# Problem statement

# Chunking a PDF document

In [1]:
import pdfplumber
from IPython.display import JSON

In [2]:
pdf_document_file_path = "../Life Insurance Policy Sample.pdf"

In [3]:
def is_useful_page(text):
    return "Section" in text.strip().splitlines()[-1]

def get_part(text):
    return text.strip().splitlines()[-2]

def get_section(text):
    last_line = text.strip().splitlines()[-1]
    section_with_page_number = "Section " + last_line.split("Section")[1]
    return section_with_page_number.split("Page")[0].strip().split(",")[0].strip()

In [4]:
data = {}

with pdfplumber.open(pdf_document_file_path) as pdf:
    for page in pdf.pages:
        full_text = page.extract_text()
        if is_useful_page(full_text):
            part                = get_part(full_text)
            section             = get_section(full_text)

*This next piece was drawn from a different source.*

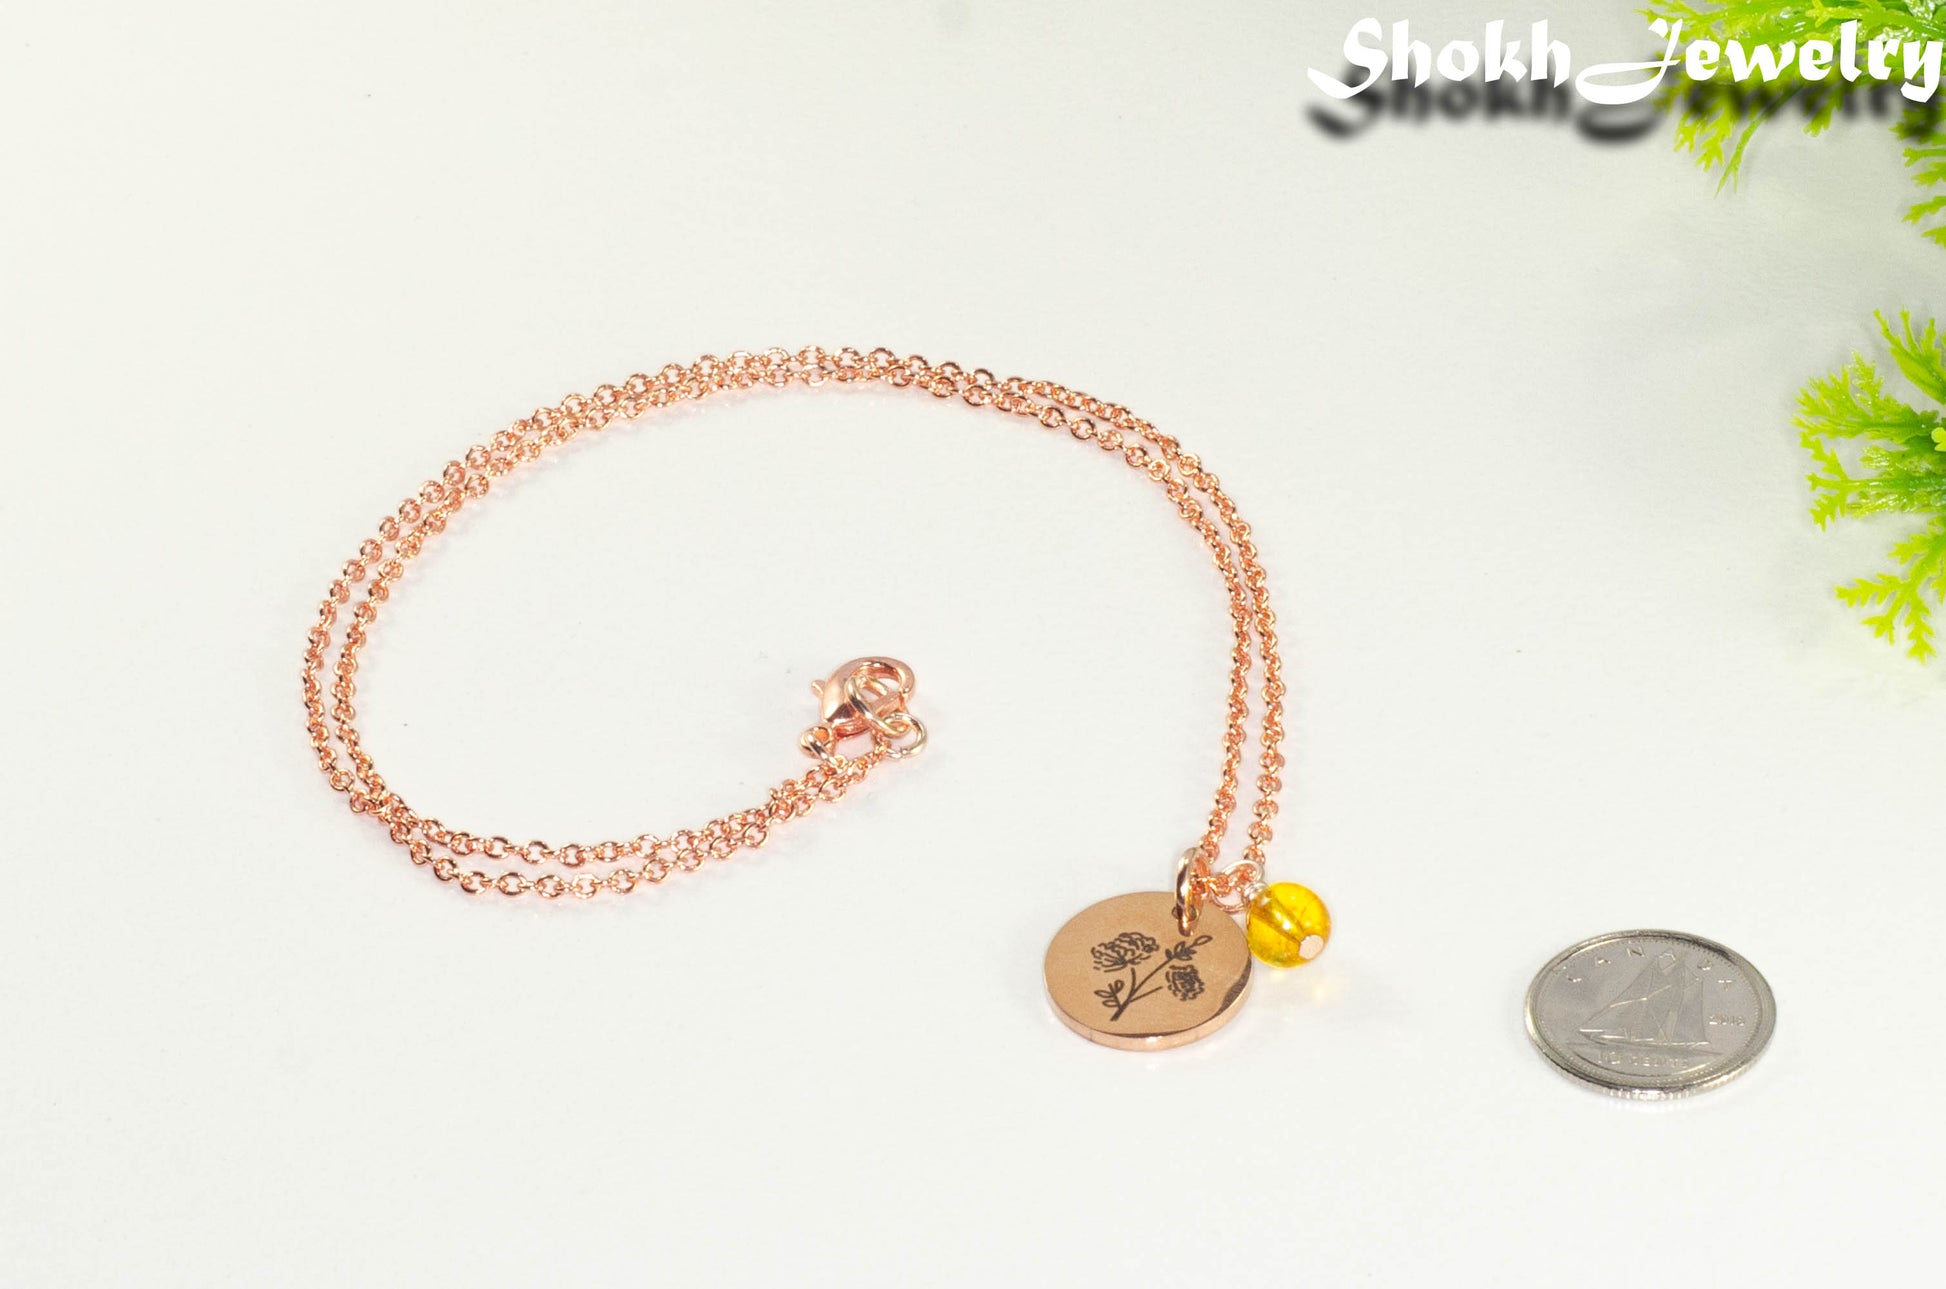 Rose Gold Plated November Birth Flower Necklace with Citrine Birthstone Pendant beside a dime.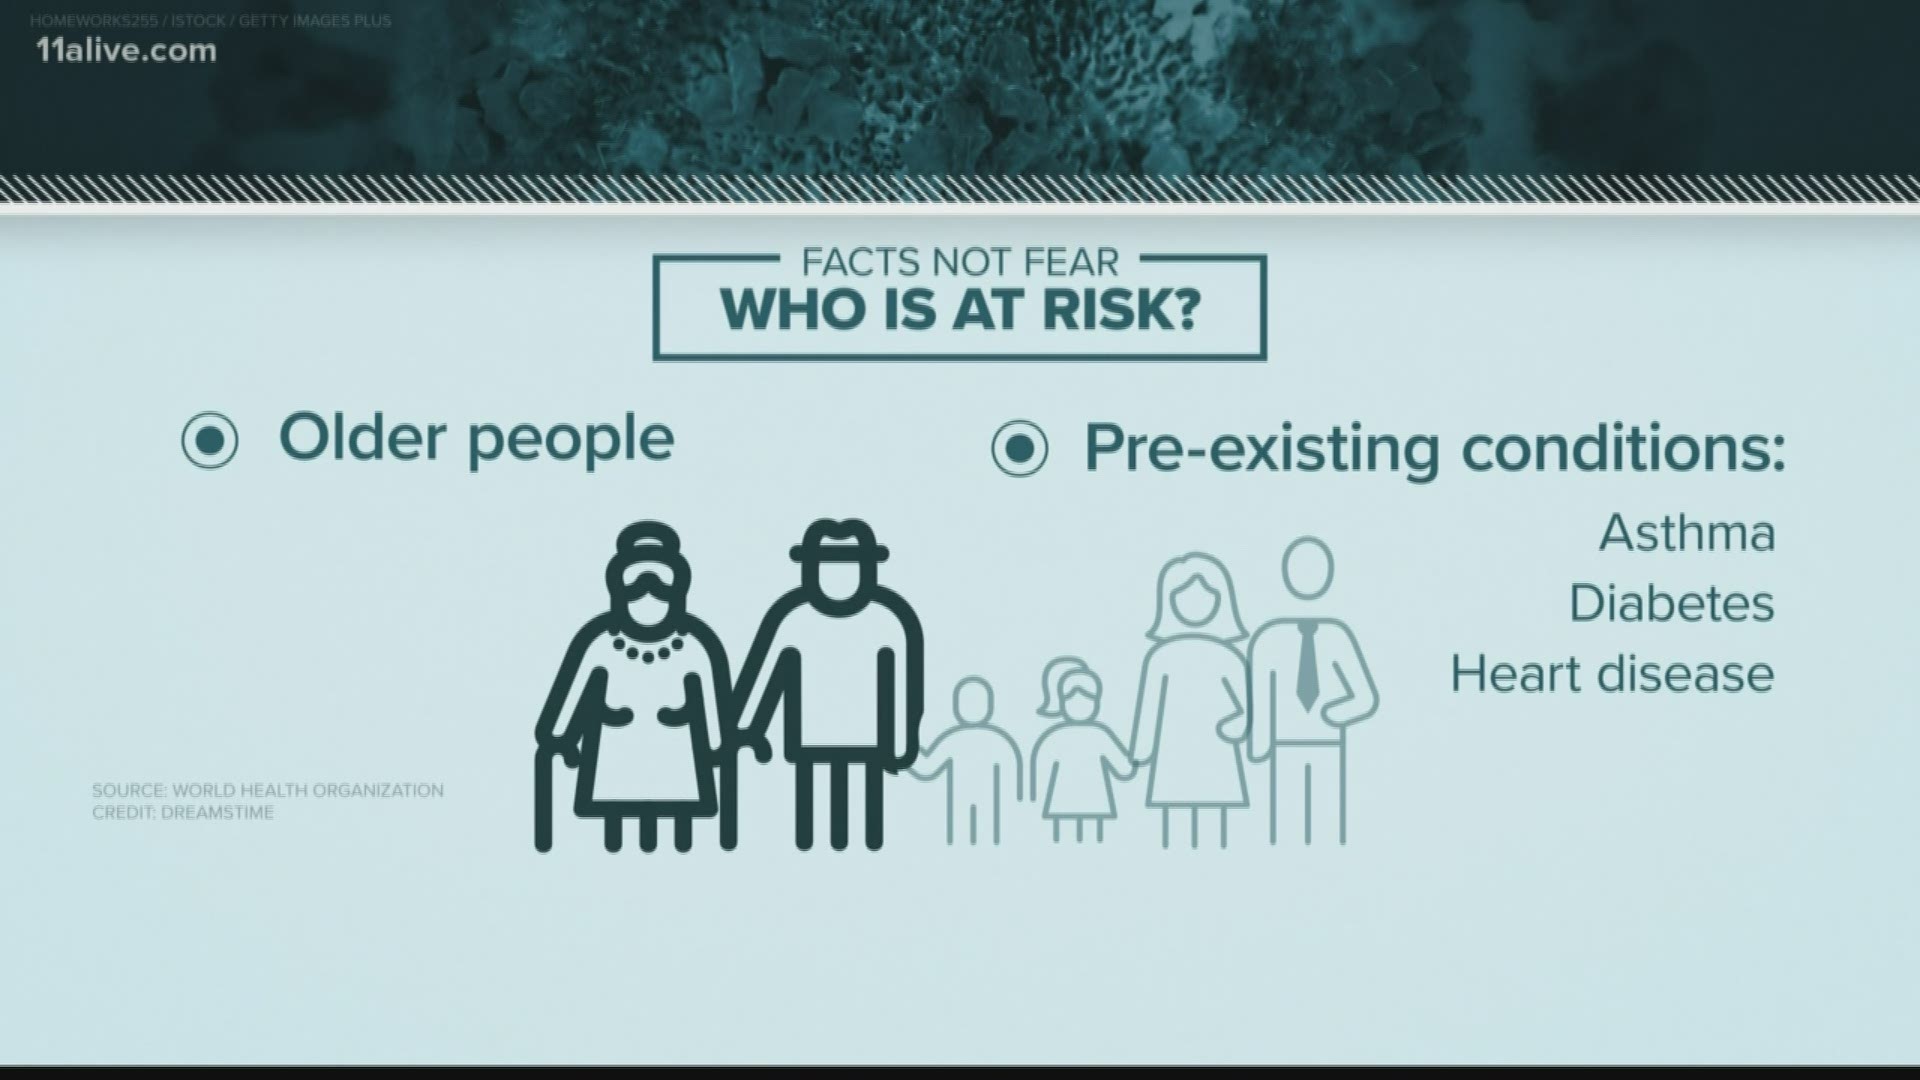 The elderly and those with pre-existing conditions are at most risk of the coronavirus.

            if part not in data:
                data[part] = {}
            data_part = data[part]

            if section not in data_part:
                data_part[section] = []
            data_part_section = data_part[section]

            data_part_section.extend(full_text.splitlines())



JSON(data)

CropBox missing from /Page, defaulting to MediaBox
CropBox missing from /Page, defaulting to MediaBox
CropBox missing from /Page, defaulting to MediaBox
CropBox missing from /Page, defaulting to MediaBox
CropBox missing from /Page, defaulting to MediaBox
CropBox missing from /Page, defaulting to MediaBox
CropBox missing from /Page, defaulting to MediaBox
CropBox missing from /Page, defaulting to MediaBox
CropBox missing from /Page, defaulting to MediaBox
CropBox missing from /Page, defaulting to MediaBox
CropBox missing from /Page, defaulting to MediaBox
CropBox missing from /Page, defaulting to MediaBox
CropBox missing from /Page, defaulting to MediaBox
CropBox missing from /Page, defaulting to MediaBox
CropBox missing from /Page, defaulting to MediaBox
CropBox missing from /Page, defaulting to MediaBox
CropBox missing from /Page, defaulting to MediaBox
CropBox missing from /Page, defaulting to MediaBox
CropBox missing from /Page, defaulting to MediaBox
CropBox missing from /Page, def

<IPython.core.display.JSON object>

In [5]:
documents = []

def is_not_same(left, right):
    return left.replace(" ", "").lower() not in right.replace(" ", "").lower()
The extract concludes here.